Lau CH, Suh Y. In vivo genome editing in animals the utilization of AAV-CRISPR system: Applications to translational search for of the human disease. F1000Res. 2017; 6:2153. DOI: 10.12688/f1000research.11243.1

Sipp D, Caulfield T, Kaye J, Barfoot J, Blackburn C, Chan S, De Luca M, Kent A, McCafé C, Munsie M, seldom-Faulkner M, Sugarman J, van Zimmern E, Zarzeczany A, Rasko JEJ. Marketing of unproven stem cell-based interventions: A identify to action. Science Translational Medicine. 2017; 9 (397):pii: eaag0426. DOI: 10.1126/scitranslmed. aag0426

Declerck P, Farouk-Rezk M, Rudd PM. Biosimilarity versus manufacturing change: Two remarkable concepts. Pharmaceutical Research. 2016; 33 (2):261-268. DOI: 10.1007/s11095-015-1790-3

Epstein MS, Ehrenpreis ED, Kulkarni PM. FDA-Related Matters Committee of the American College of Gastroenterology. Biosimilars: The need, the challenge, the future: The FDA perspective. The American Journal of Gastroenterology. 2014; 109 (12):1856-1859. DOI: 10.1038/ajg.2014.151.
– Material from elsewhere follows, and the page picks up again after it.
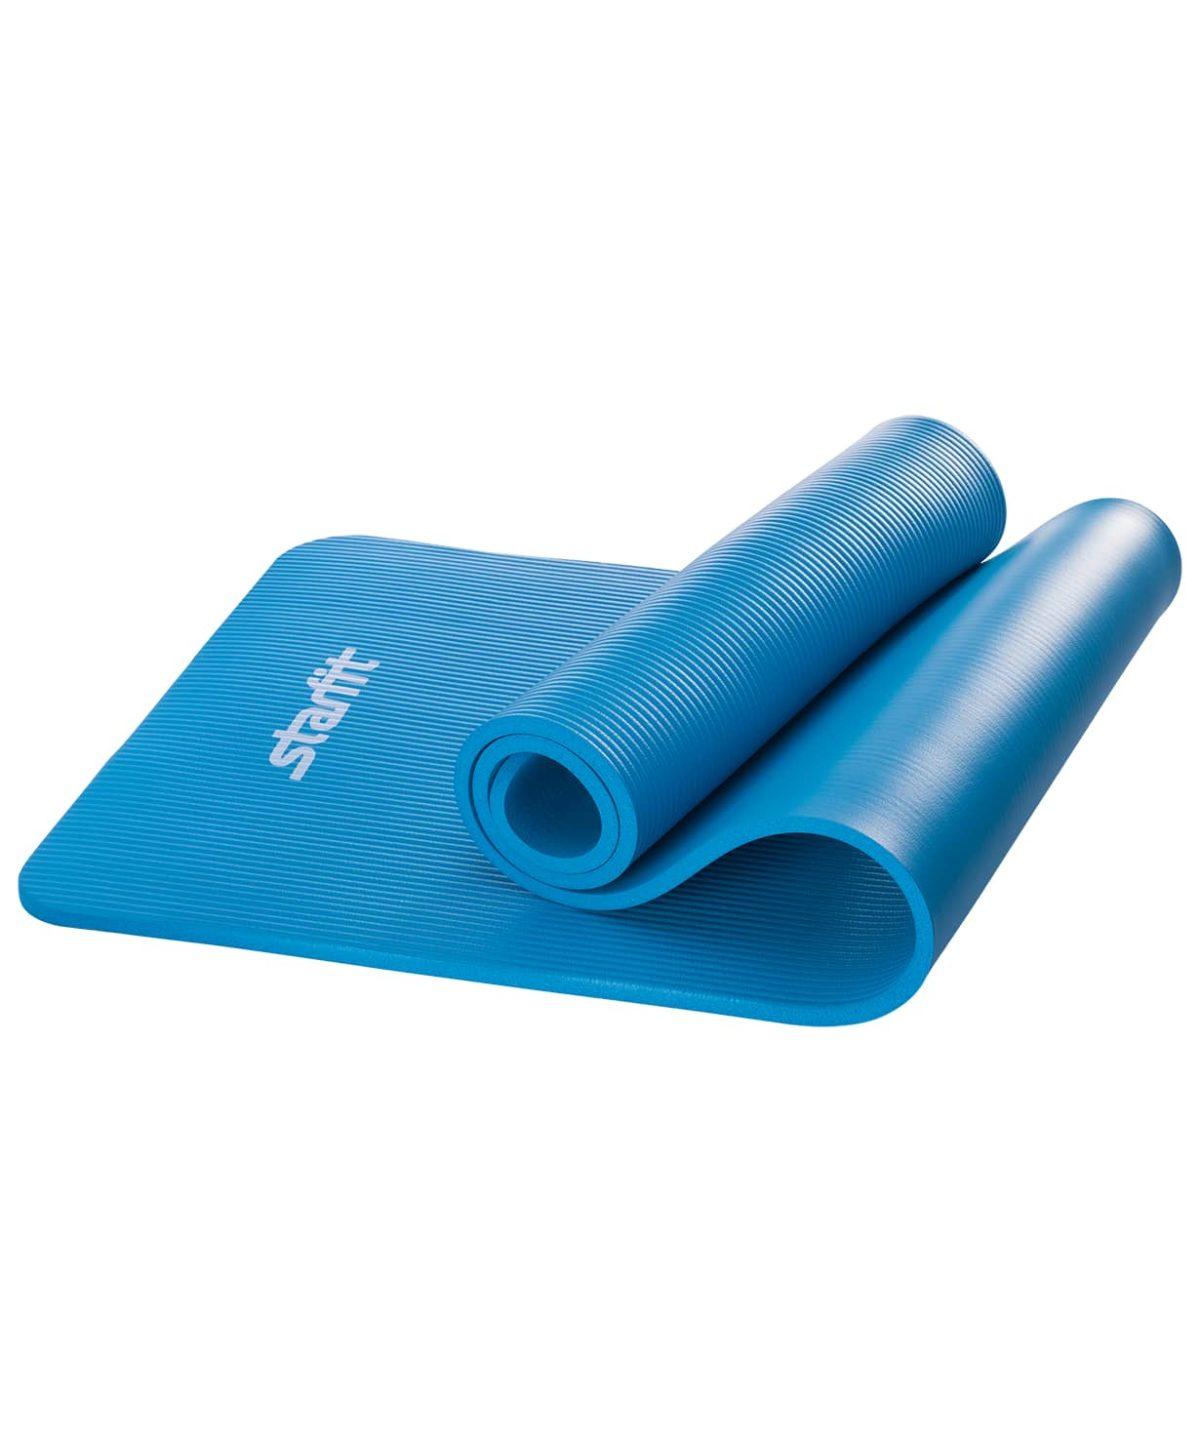 STARFIT Коврик для йоги FM-301 183x58x1,2 см: синий - 1

Dougherty MK, Zineh I, Christl L. Perspectives on the current day kingdom of the biosimilar regulatory pathway in the United States. Clinical Pharmacology and Therapeutics. 2018; 103 (1):36-38. DOI: 10.1002/cpt.909.

Terson J, Budlong H, Affeldt T, Skiermont K, Kyllo G, Heaton A. Biosimilar merchandise in the ultra-modern U.S. health care and regulatory landscape. Journal of Managed Care & Specialty Pharmacy. 2017; 23 (12):1255-1259. DOI: 10.18553/jmcp.2017.23.12.1255endeavor.